Alternatively, if you know the schema you can create a case-class that represents it and map your RDD elements into instances of this class before transforming into a DataFrame, e.g.:
case class Record(id: Int, name: String)
val myFile1 = myFile.map(x=>x.split(";")).map {
case Array(id, name) => Record(id.toInt, name)
}
myFile1.toDF() // DataFrame will have columns "id" and "name"
I have given different ways to create DataFrame from text file
val conf = new SparkConf().setAppName(appName).setMaster("local")
val sc = SparkContext(conf)
raw text file
val file = sc.textFile("C:\\vikas\\spark\\Interview\\text.txt")
val fileToDf = file.map(_.split(",")).map{case Array(a,b,c) =>
(a,b.toInt,c)}.toDF("name","age","city")
fileToDf.foreach(println(_))
spark session without schema
import org.apache.spark.sql.SparkSession
val sparkSess =
SparkSession.builder().appName("SparkSessionZipsExample")

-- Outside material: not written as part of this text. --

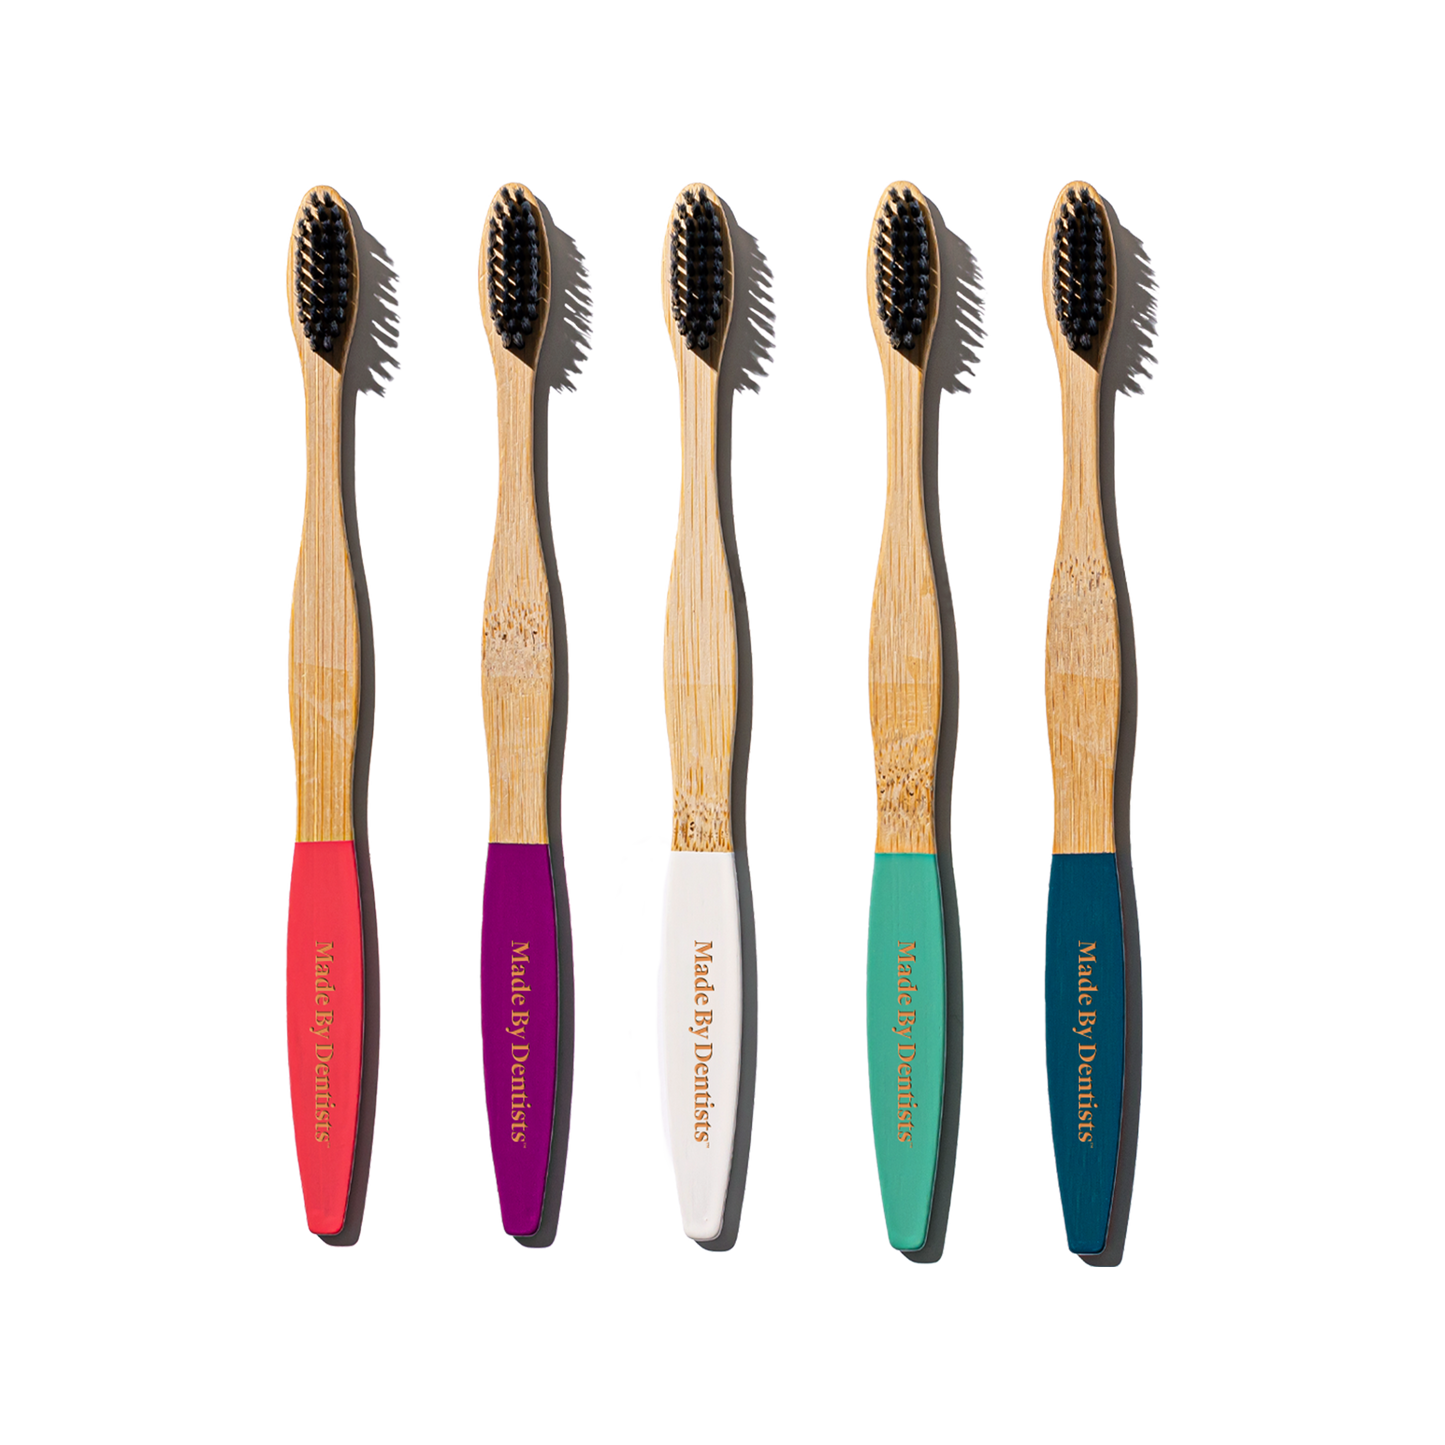 Bamboo Toothbrushes - 5 Pack

.config(conf).getOrCreate()
val df = sparkSess.read.option("header",
"false").csv("C:\\vikas\\spark\\Interview\\text.txt")
df.show()
spark session with schema
import org.apache.spark.sql.types._
val schemaString = "name age city"
val fields = schemaString.split(" ").map(fieldName => StructField(fieldName,
StringType, nullable=true))
val schema = StructType(fields)
val dfWithSchema = sparkSess.read.option("header",
"false").schema(schema).csv("C:\\vikas\\spark\\Interview\\text.txt")
dfWithSchema.show()
using sql context
import org.apache.spark.sql.SQLContext
val fileRdd =
sc.textFile("C:\\vikas\\spark\\Interview\\text.txt").map(_.split(",")).map{x
=> org.apache.spark.sql.Row(x:_*)}
val sqlDf = sqlCtx.createDataFrame(fileRdd,schema)
sqlDf.show()
If you want to use the toDF method, you have to convert your RDD of Array[String] into a RDD of a case class. For example, you have to do:
case class Test(id:String,filed2:String)
val myFile = sc.textFile("file.txt")
val df= myFile.map( x => x.split(";") ).map( x=> Test(x(0),x(1)) ).toDF()
You will not able to convert it into data frame until you use implicit conversion.
val sqlContext = new SqlContext(new SparkContext())
import sqlContext.implicits._
After this only you can convert this to data frame
case class Test(id:String,filed2:String)
val myFile = sc.textFile("file.txt")
val df= myFile.map( x => x.split(";") ).map( x=> Test(x(0),x(1)) ).toDF()
val df = spark.read.textFile("abc.txt")
case class Abc (amount:Int, types: String, id:Int) //columns and data types
val df2 = df.map(rec=>Amount(rec(0).toInt, rec(1), rec(2).toInt))
rdd2.printSchema
root
|-- amount: integer (nullable = true)
|-- types: string (nullable = true)
|-- id: integer (nullable = true)
A txt File with PIPE (|) delimited file can be read as :
df = spark.read.option("sep", "|").option("header", "true").csv("s3://bucket_name/folder_path/file_name.txt")
I know I am quite late to answer this but I have come up with a different answer:
val rdd = sc.textFile("/home/training/mydata/file.txt")
val text = rdd.map(lines=lines.split(",")).map(arrays=>(ararys(0),arrays(1))).toDF("id","name").show
You can read a file to have an RDD and then assign schema to it. Two common ways to creating schema are either using a case class or a Schema object [my preferred one]. Follows the quick snippets of code that you may use.
Case Class approach
case class Test(id:String,name:String)
val myFile = sc.textFile("file.txt")
val df= myFile.map( x => x.split(";") ).map( x=> Test(x(0),x(1)) ).toDF()
Schema Approach
import org.apache.spark.sql.types._
val schemaString = "id name"
val fields = schemaString.split(" ").map(fieldName => StructField(fieldName, StringType, nullable=true))
val schema = StructType(fields)
val dfWithSchema = sparkSess.read.option("header","false").schema(schema).csv("file.txt")
dfWithSchema.show()
The second one is my preferred approach since case class has a limitation of max 22 fields and this will be a problem if your file has more than 22 fields!